Send a prompt for text completion (non-chat format).

aigo complete [OPTIONS] [PROMPT]

If PROMPT is omitted, input is read from stdin.

Options:

Option Short Description
--model <MODEL> -m Model to use.
--max-tokens <INT> Maximum tokens to generate (default: 256).
--temperature <FLOAT> Sampling temperature 0.0–2.0 (default: 0.7).

config - Configuration Management

Manage CLI configuration settings.

  • aigo config path: Show configuration file path.
  • aigo config get <KEY>: Get a configuration value.
  • aigo config set <KEY> <VALUE>: Set a configuration value.
  • aigo config list: List all configuration values.
  • aigo config reset: Reset configuration to defaults.

model - Local Model Management

Manage models stored on the local disk.

  • aigo model list: List all local models.
  • aigo model info <MODEL_ID>: Get detailed information about a specific model.
  • aigo model refresh: Refresh the model index (scan for new files).

loaded - Loaded Model Operations

Control models currently loaded into memory for inference.

  • aigo loaded list: List currently loaded models.
  • aigo loaded info <ID>: Get details of a loaded model instance.
  • aigo loaded load [OPTIONS] <MODEL_ID>: Load a model into memory.
    • Options:
      • -c, --context-length <INT>: Override context length.
      • -g, --gpu-layers <INT>: Number of layers to offload to GPU (-1 for all).
      • -t, --threads <INT>: Number of threads to use.
      • -a, --alias <STRING>: Model alias for routing.
      • --tool-calling: Enable tool calling capabilities.
      • --mmproj <PATH>: Path to mmproj file for vision models.
  • aigo loaded unload <ID>: Unload a model to free resources.
  • aigo loaded health <ID>: Check the health status of a loaded model.

router - Router Control

Manage the Continuum Router service.

  • aigo router status: Get the current status of the router.
  • aigo router start: Start the router service.
  • aigo router stop: Stop the router service.
  • aigo router restart: Restart the router service.

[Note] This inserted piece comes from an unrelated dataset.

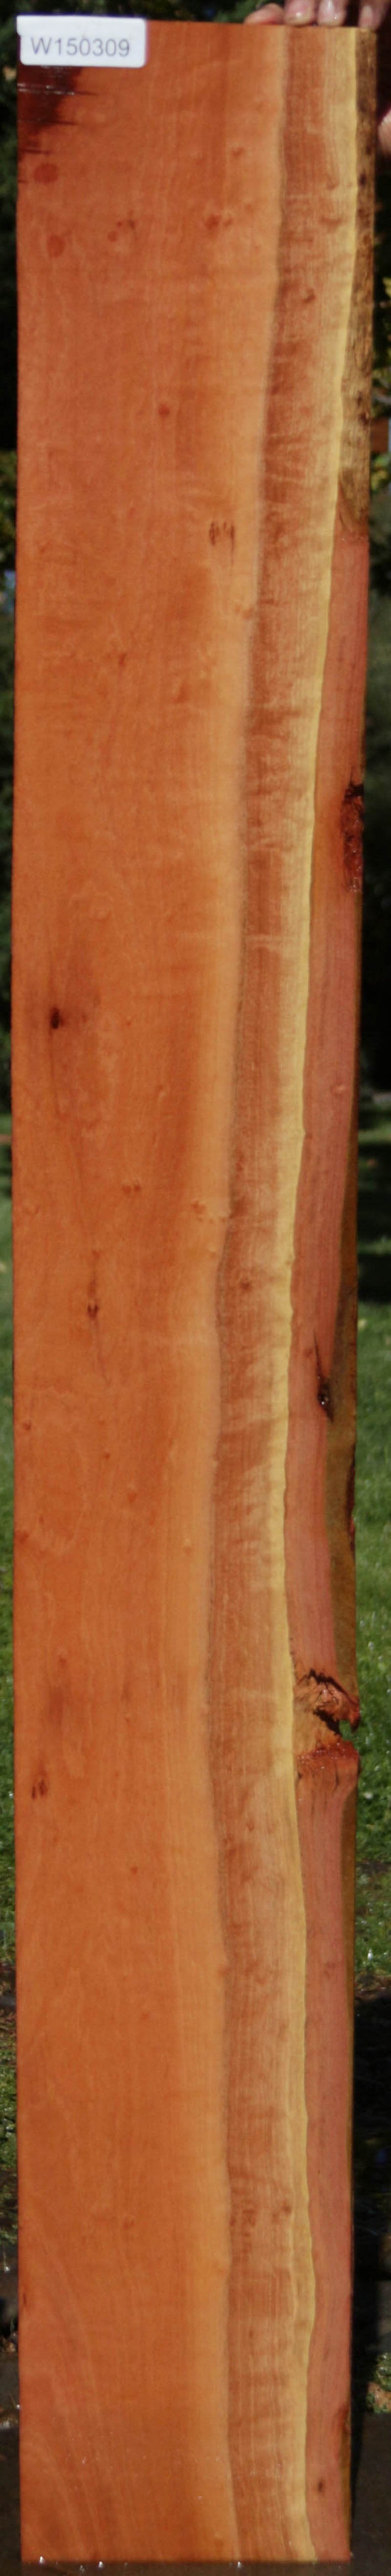 Red Gum Micro Lumber

system - System Monitoring

Monitor hardware resources and API status.

  • aigo system info: Get general system information (OS, Architecture).
  • aigo system metrics: Get current system metrics (CPU, RAM usage).
  • aigo system gpu: Get detailed GPU information.
  • aigo system health: Check the overall API health.
  • aigo system version: Get the API server version.

Examples

List all available models in JSON format:

aigo model list -o json

Load a model with custom GPU layers:

aigo loaded load "gemma-3n-E4B-it-Q4_K_M" --gpu-layers 33

Check system GPU status:

aigo system gpu